Abstract
Background: Brucellosis is known as the major zoonotic disease. We aimed to compare the performance of some data-mining models in predicting the monthly brucellosis cases in Iran.
Study design: Population-based cohort study.
Methods: Three data mining techniques including the Support Vector Machine (SVM), Multivariate Adaptive Regression Splines (MARS), and Random Forest (RF) besides to one classic model including Auto-Regressive Integrated Moving Average (ARIMA) was used to predict the monthly incidence of brucellosis in Iran during 2011-2018. We used several criteria (root mean square error (RMSE), mean absolute error (MAE), coefficient of determination (R2) and intra-class correlation coefficient (ICC) for appraising the accuracy of prediction and performance of our models.
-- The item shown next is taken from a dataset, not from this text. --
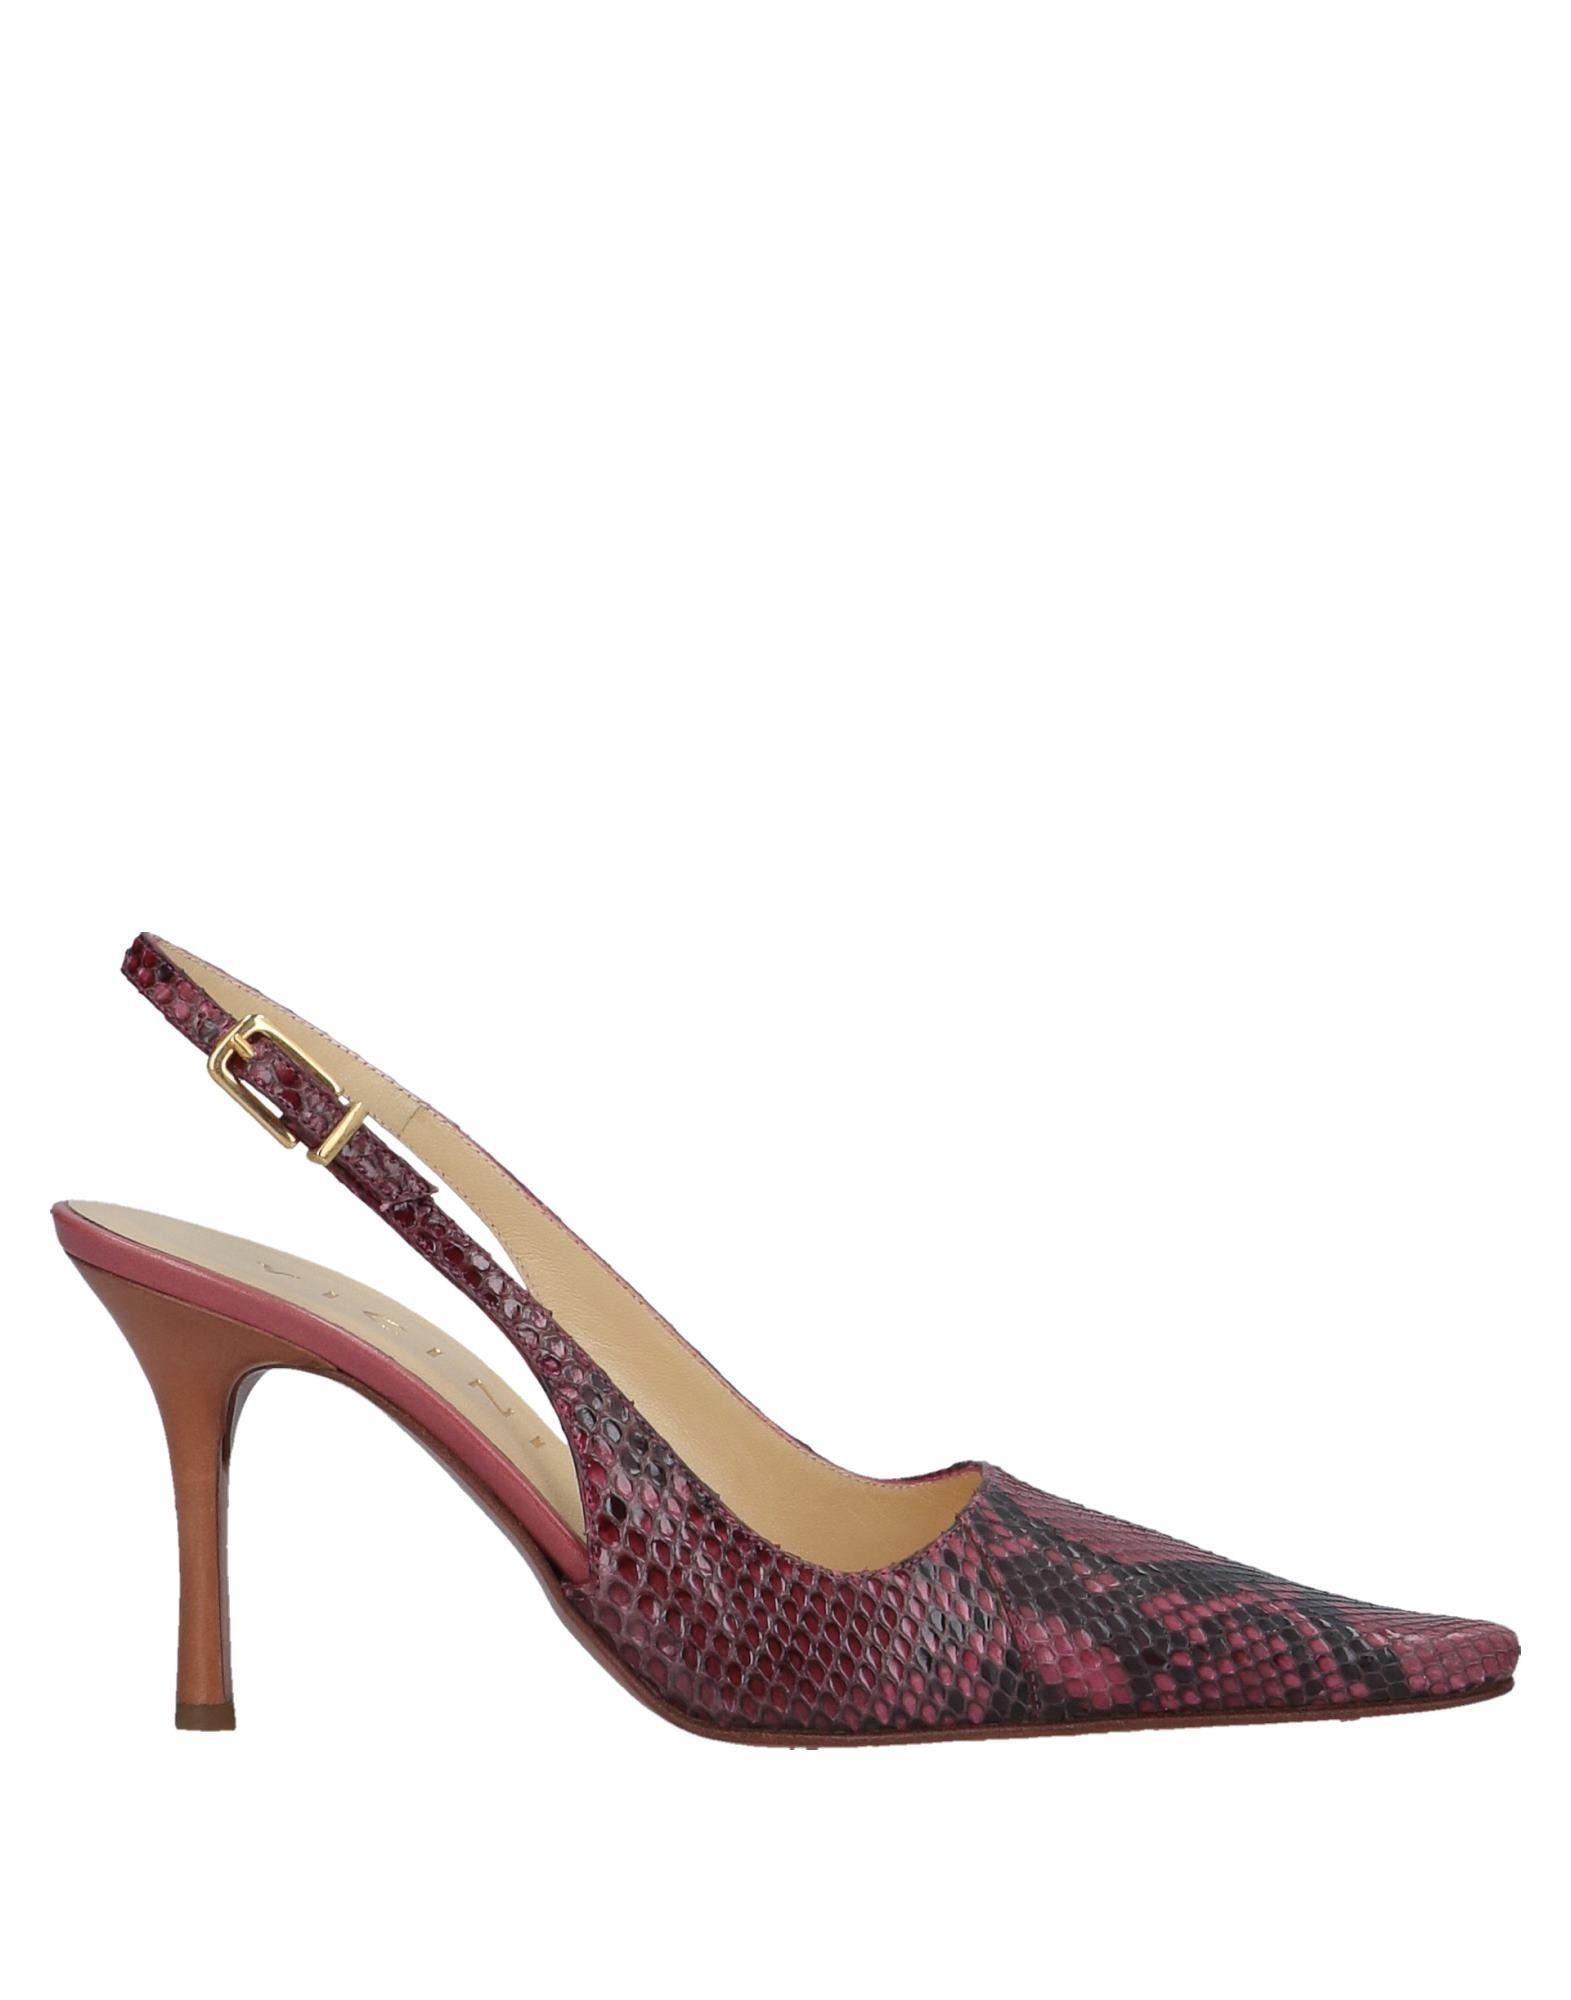 Stilvolle billige Schuhe Vicini Pumps 11522065BT Damen  11522065BT Pumps 276690

All analysis was done using free statistical software of R3.4.0
Results: Overall 118867 cases (with a mean age of 34.01±1.65 yr) of brucellosis were observed and seven-year incidence rate of brucellosis in Iran was 21.78 (95% CI: 21.66, 21.91). The majority of patients (58.84%) were male and 25-29 yr old. The first three provinces with the highest incidence rate of brucellosis included the following; Kurdistan (71.39 per 100000), Lorestan (68.09 per 100000) and Hamadan (56.24 per 100000).
Conclusion: Brucellosis was more common in males, 25-29 aged yr, western provinces and spring months. The disease had a decreasing trend in the last years. MARS model was more appropriate rather than data mining models for prediction of monthly incidence rate of brucellosis.